SOURCE MATERIAL:
»»

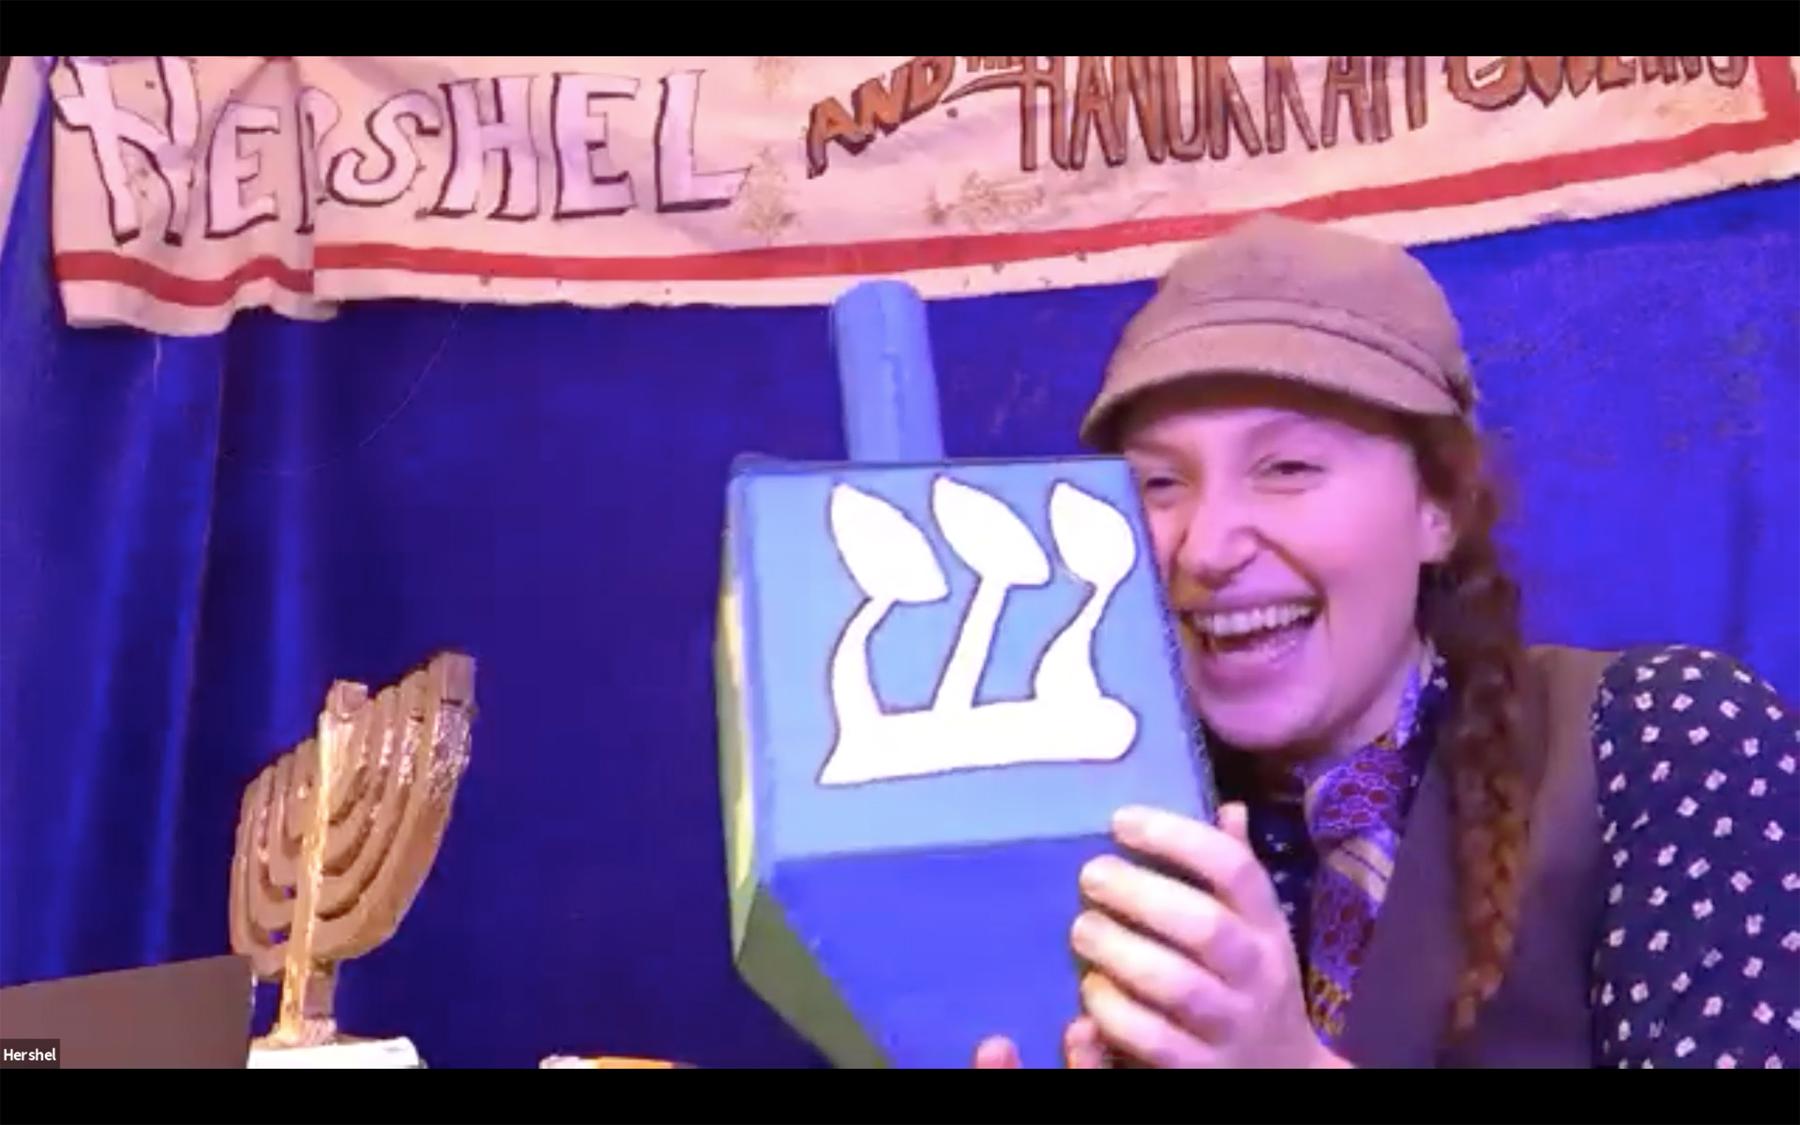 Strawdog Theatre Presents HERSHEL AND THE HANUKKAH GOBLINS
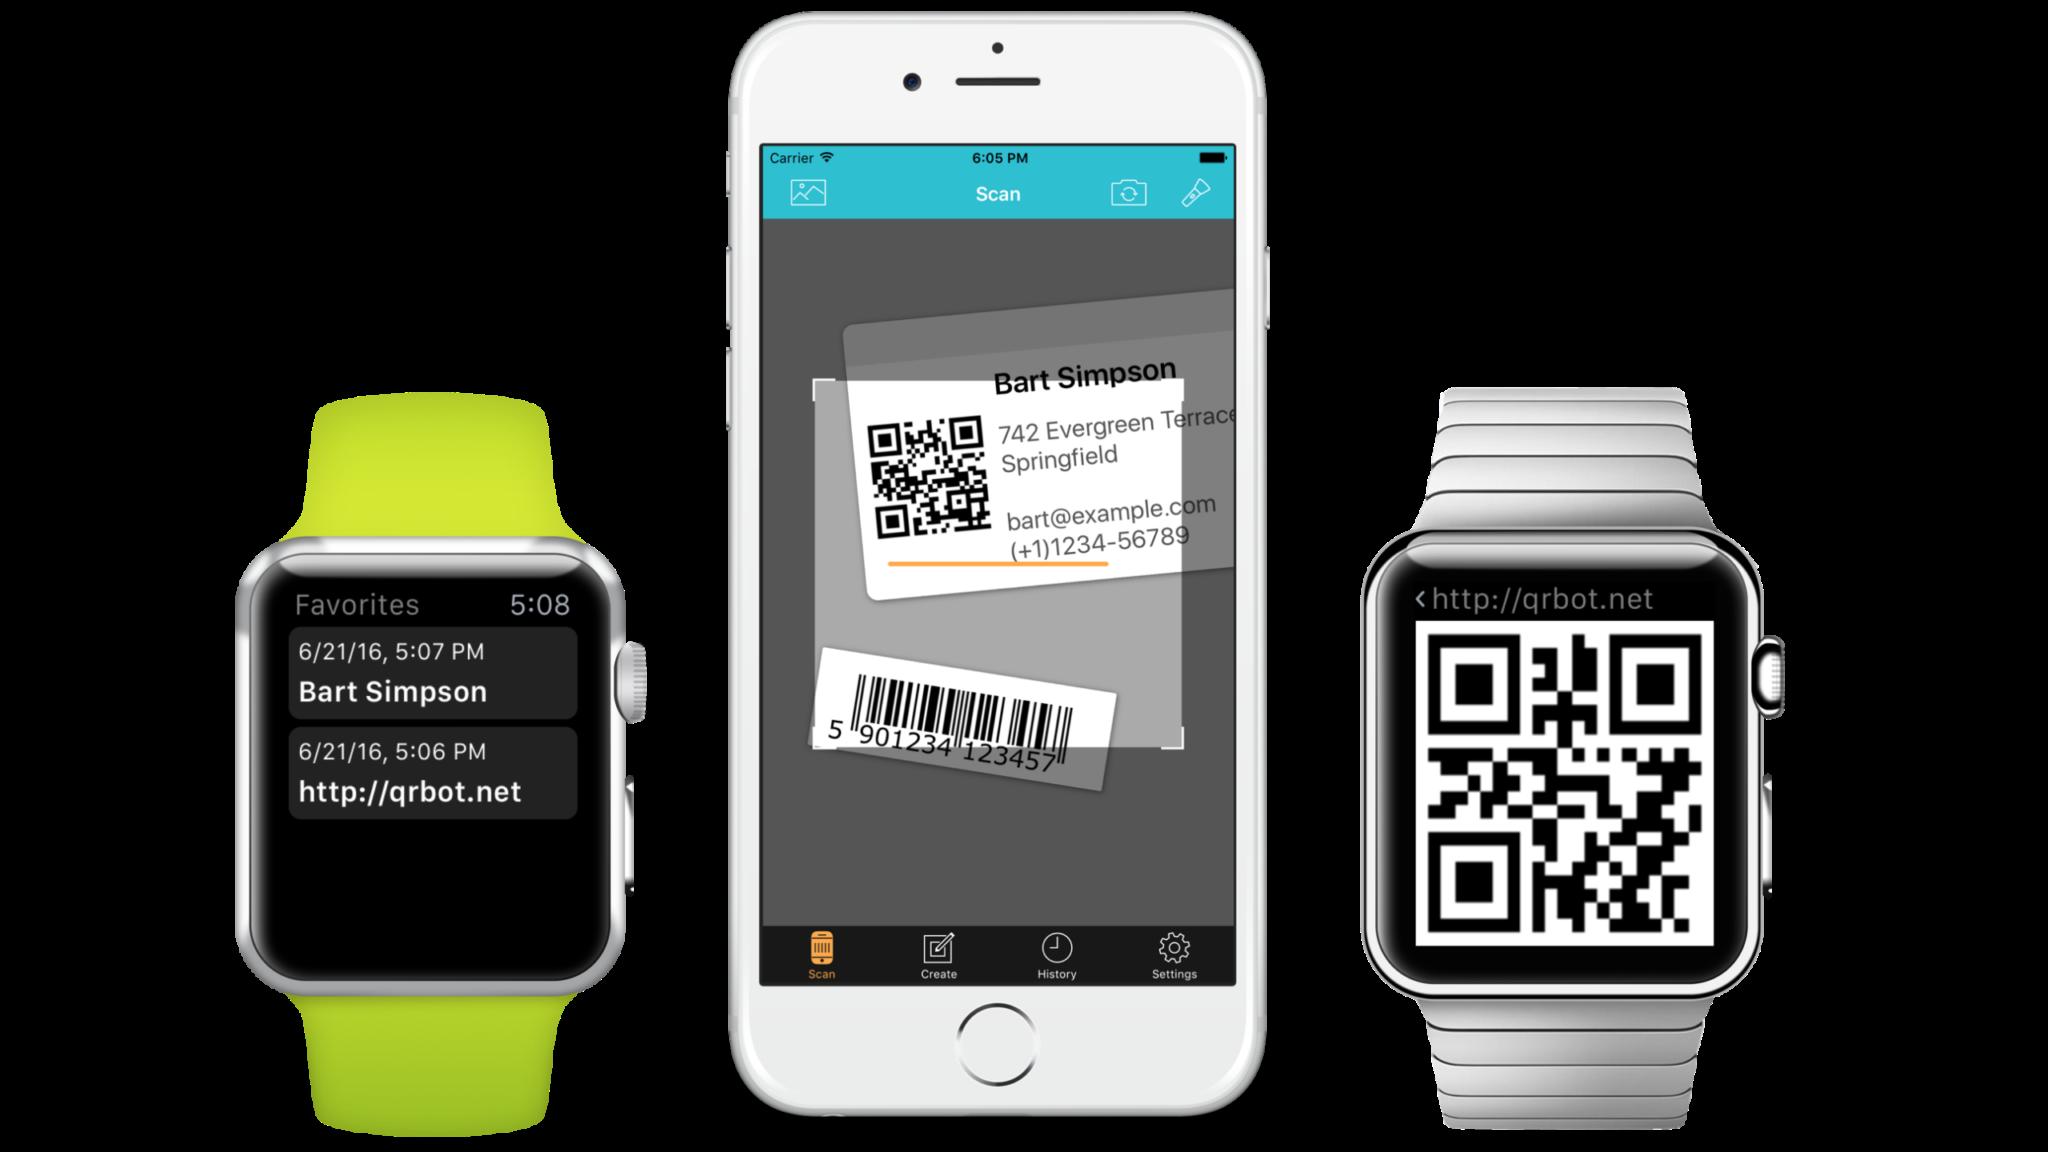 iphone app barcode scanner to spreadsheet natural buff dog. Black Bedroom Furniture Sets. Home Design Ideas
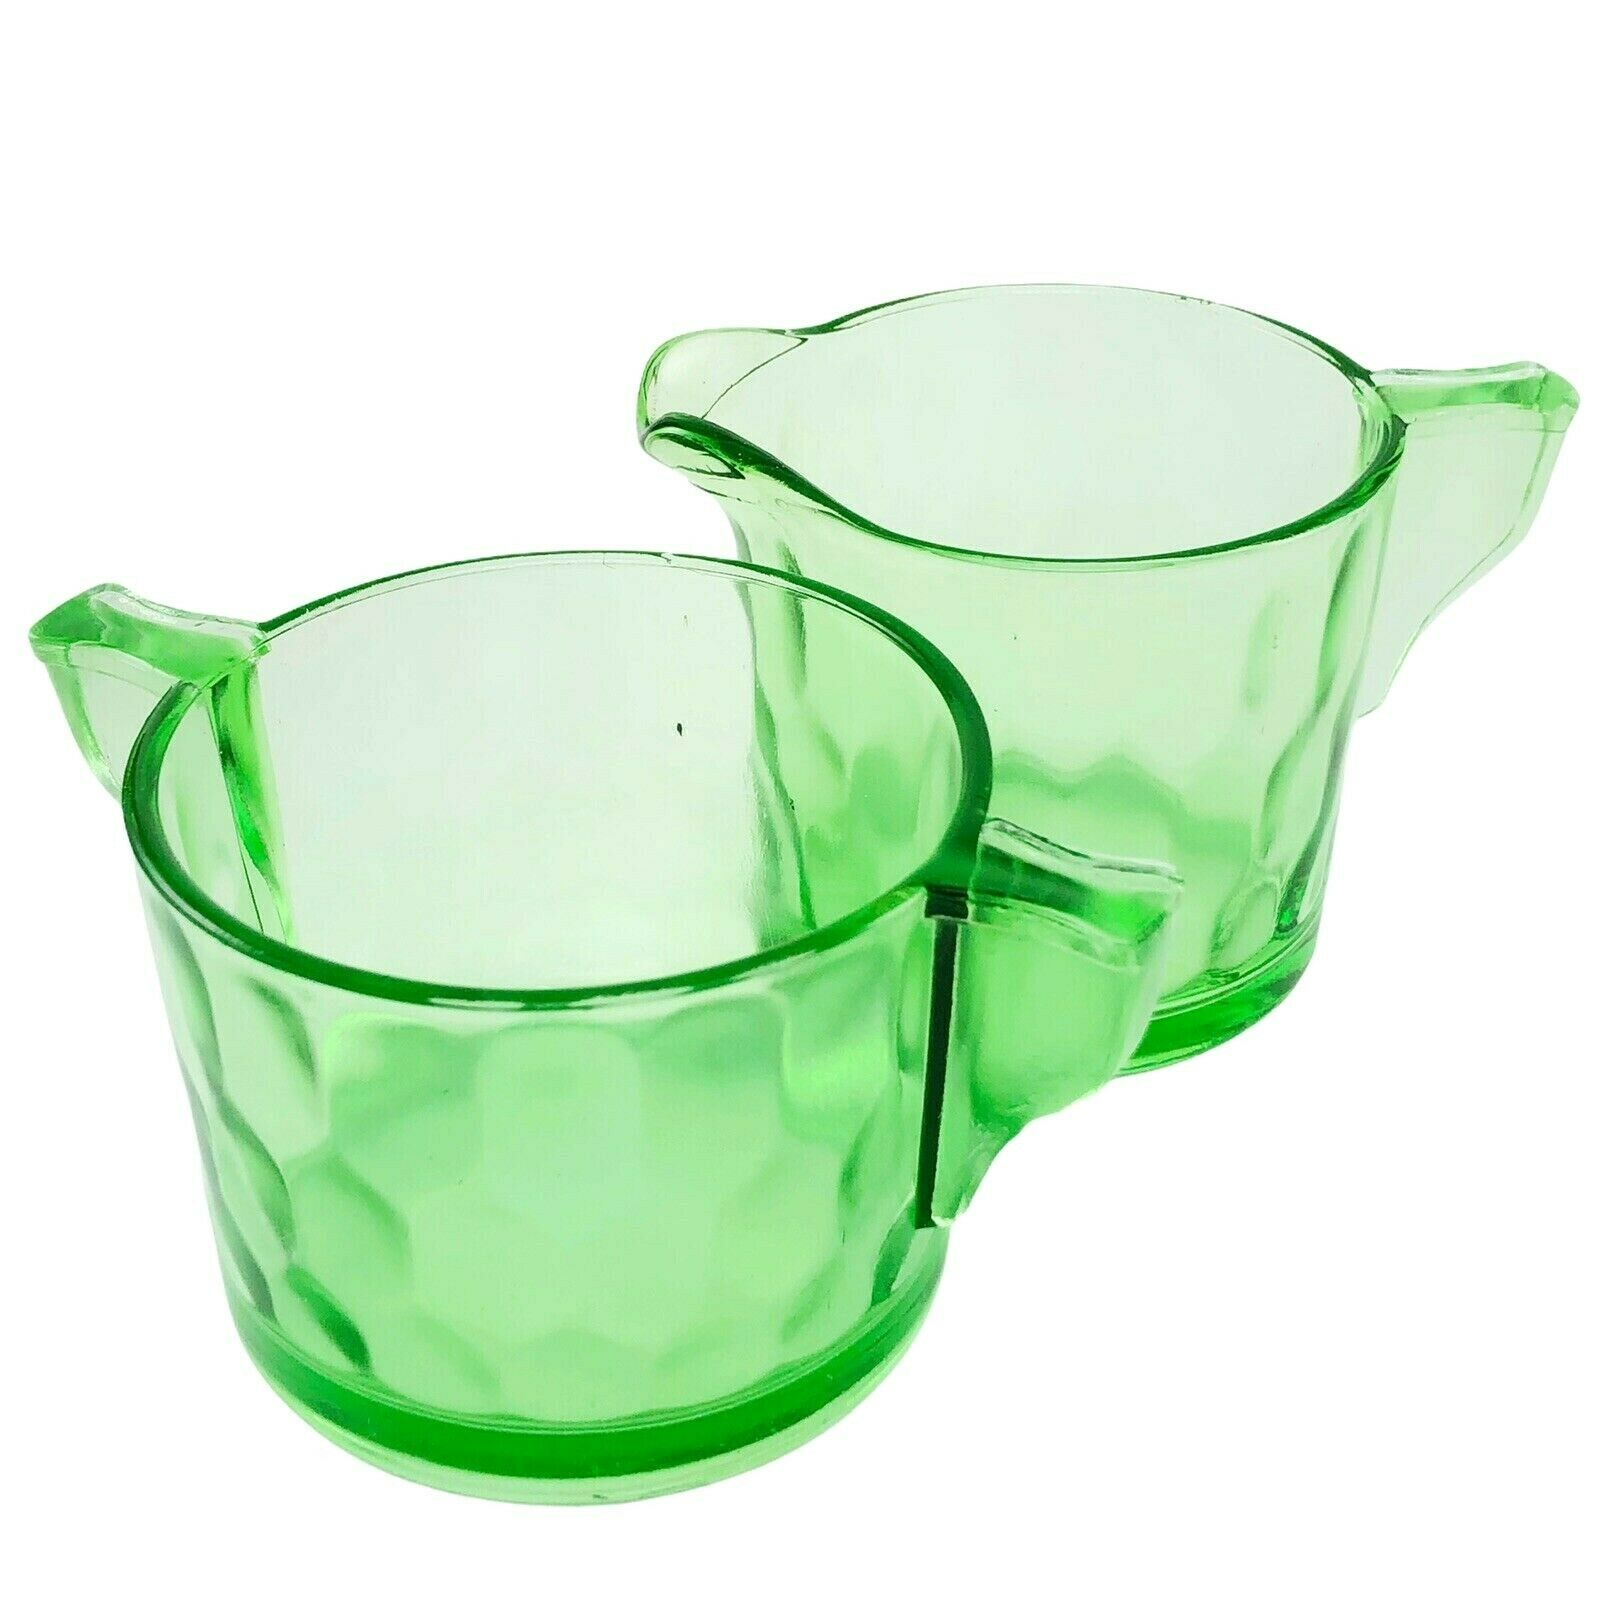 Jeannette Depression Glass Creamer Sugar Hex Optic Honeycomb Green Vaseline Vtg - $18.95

««

Return the material in full, word for word, and skip the pictures.

TASK RESULT:
 Strawdog Theatre Presents HERSHEL AND THE HANUKKAH GOBLINS
 iphone app barcode scanner to spreadsheet natural buff dog. Black Bedroom Furniture Sets. Home Design Ideas
 Jeannette Depression Glass Creamer Sugar Hex Optic Honeycomb Green Vaseline Vtg - $18.95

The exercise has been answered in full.